Frente al Bicentenario, se está elaborando una "agenda digital", una suerte de programa con las bases a alcanzar en el mediano y largo plazo en todo lo relacionado con las tecnologías de la información y las comunicaciones. Así como la máquina de vapor fue el instrumento de la Revolución Industrial, hoy los bits indican un cambio de época en la economía.
El objetivo del Gobierno nacional es presentar un proyecto de Agenda digital que contenga una fuerte interrelación entre el Estado, las Universidades y los sectores productivos, para recuperar la iniciativa en el desarrollo tecnológico, como lo tuvo nuestro país décadas atrás, de la mano del Instituto Nacional de Tecnología Industrial (INTI).

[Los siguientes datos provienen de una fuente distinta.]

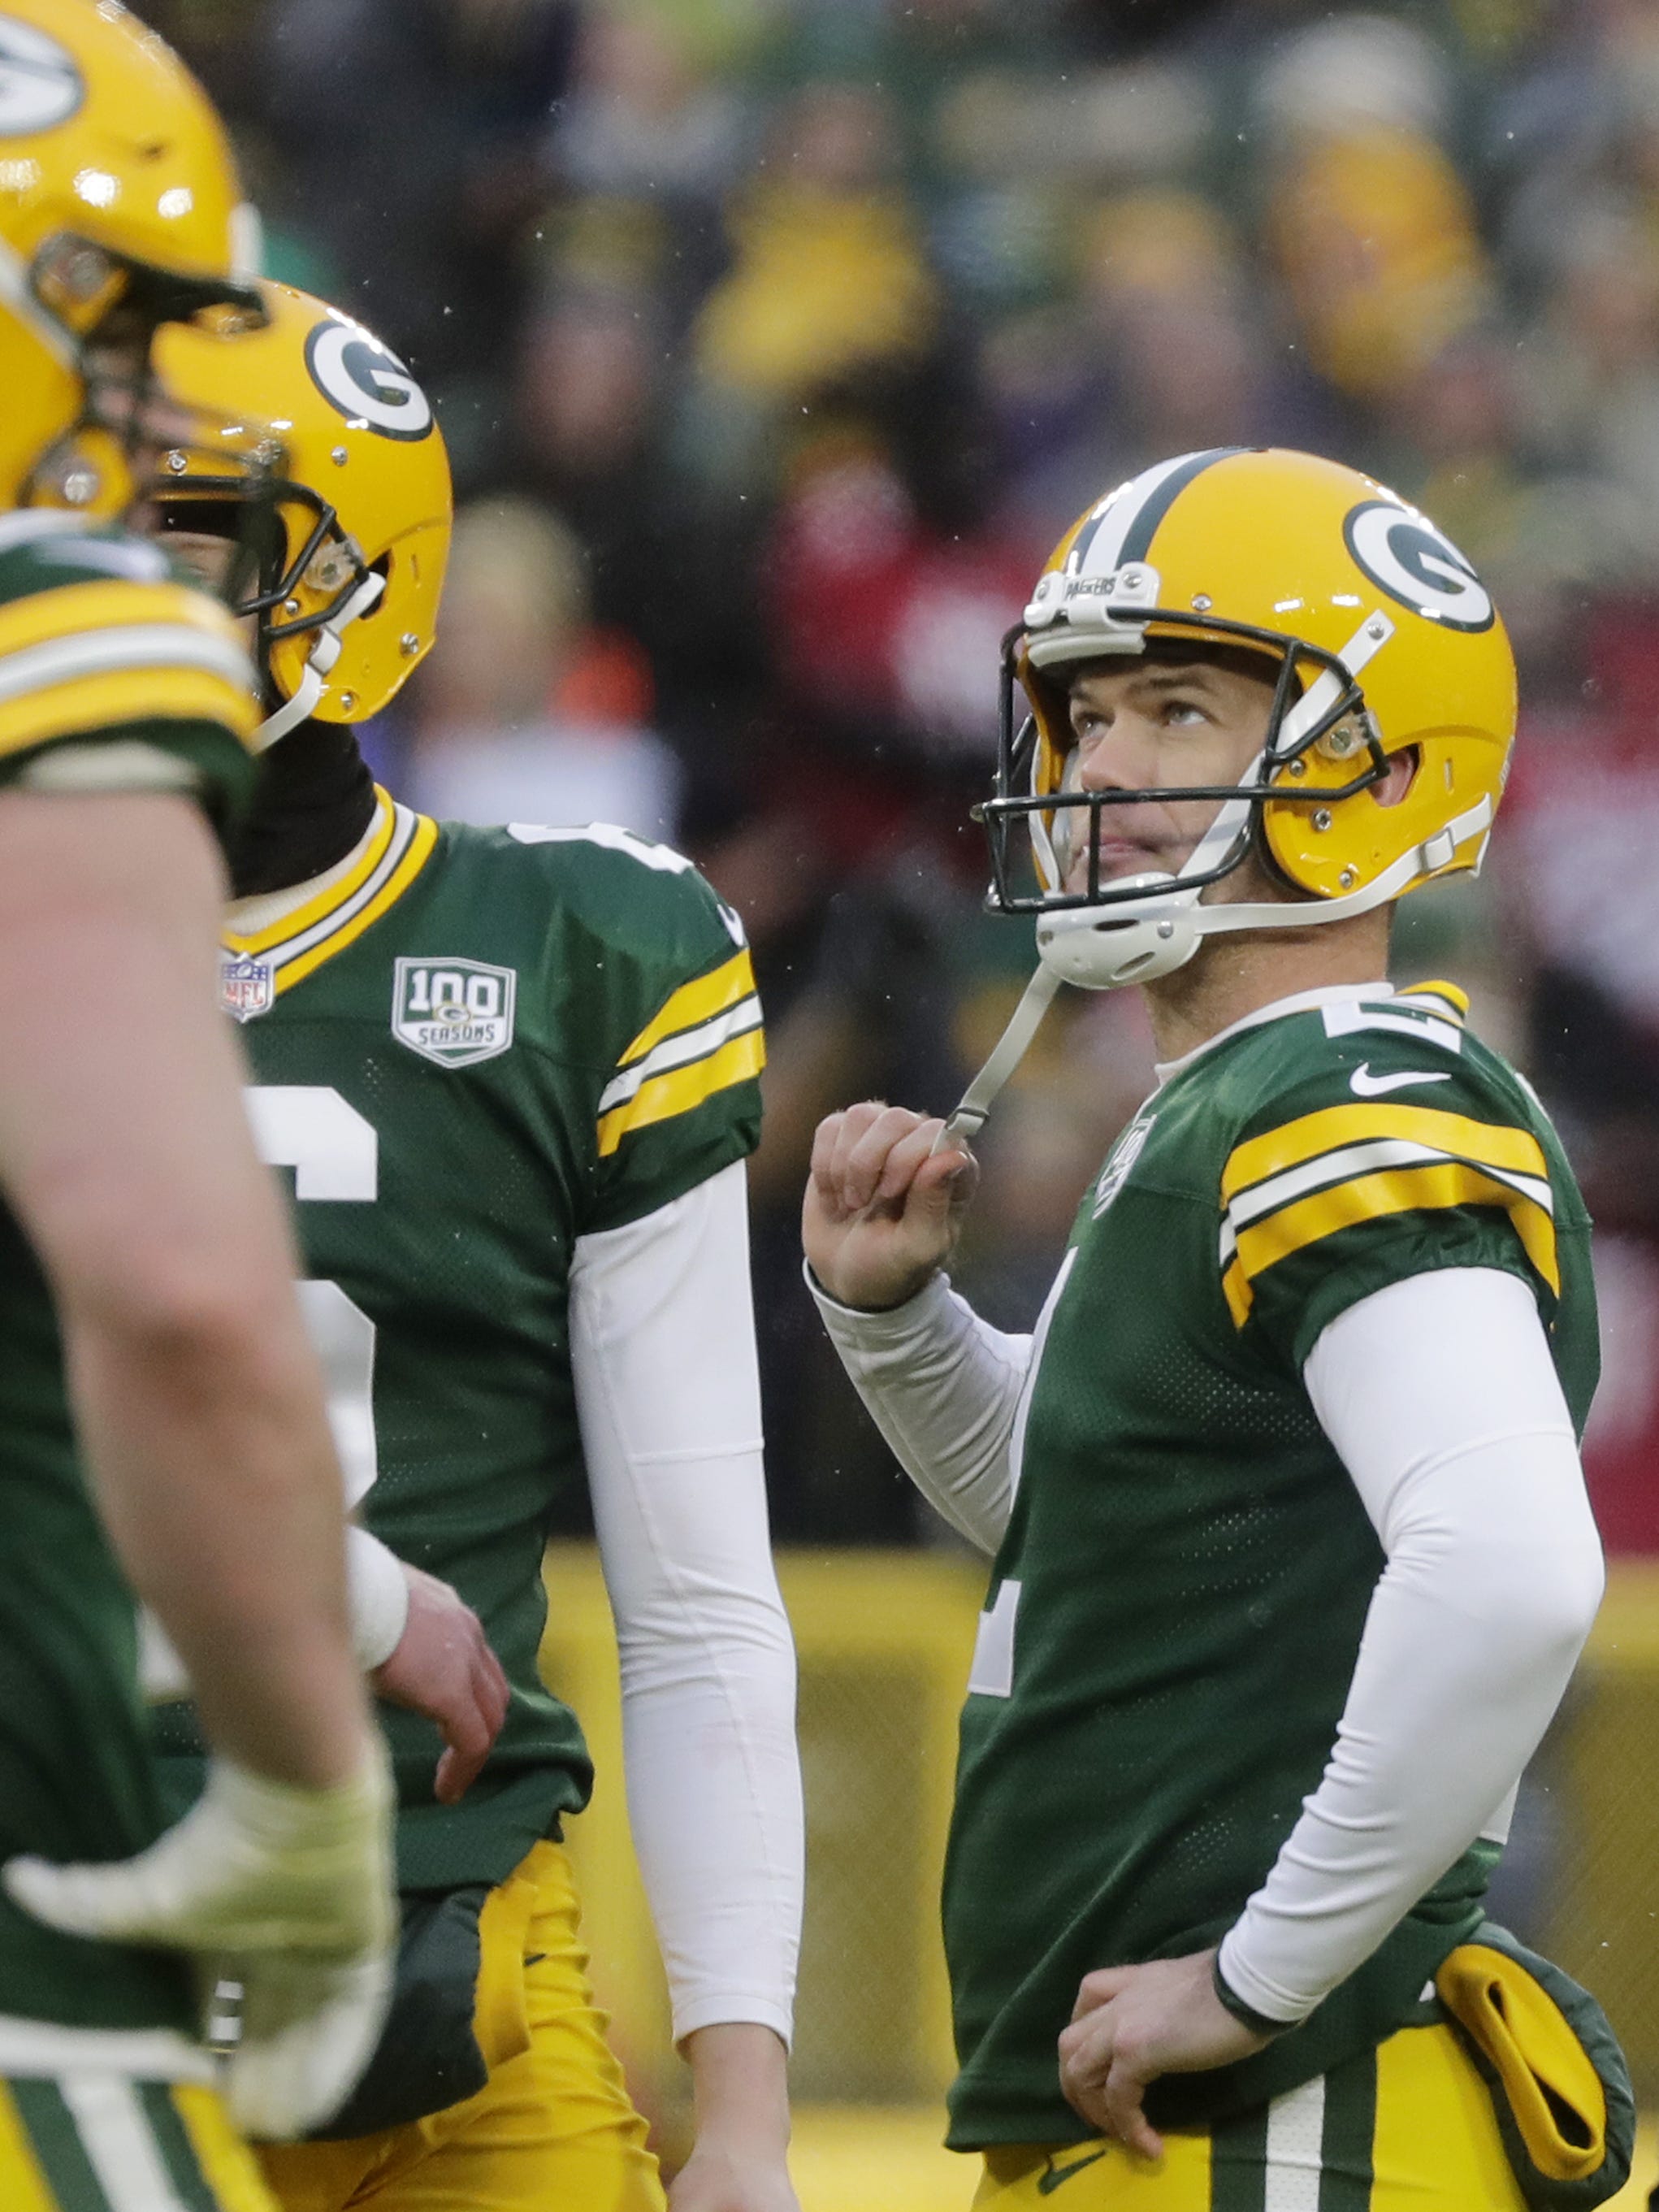 Green Bay Packers kicker Mason Crosby (2) reacts after missing a field goal as time-expired against the Arizona Cardinals at Lambeau Field on Sunday, December 2, 2018 in Green Bay, Wis.

¿Cuáles deberían ser los puntos principales de esta agenda? Sin duda que el uso de la tecnología debería mejorar áreas sensibles como la Salud, la Justicia, la Seguridad y principalmente la Educación. Sustentar estas áreas en procesos automatizados, simples y de fácil acceso no es una utopía. Basta pensar en la historia clínica unificada de cada individuo, en procesos judiciales rápidos y menos burocráticos, en alumnos accediendo al conocimiento y a la capacitación en forma dinámica e integrada, para ingresar a la evolución del mundo moderno.
A diez meses de cumplir los 200 años de vida nuestro país, el Gobierno nacional antes que preocuparse por el pasado, debería enfocarse en plasmar una iniciativa prometedora, como es la Agenda digital, que actualice al país en los próximos años, porque esa será la Argentina heredada por las próximas generaciones.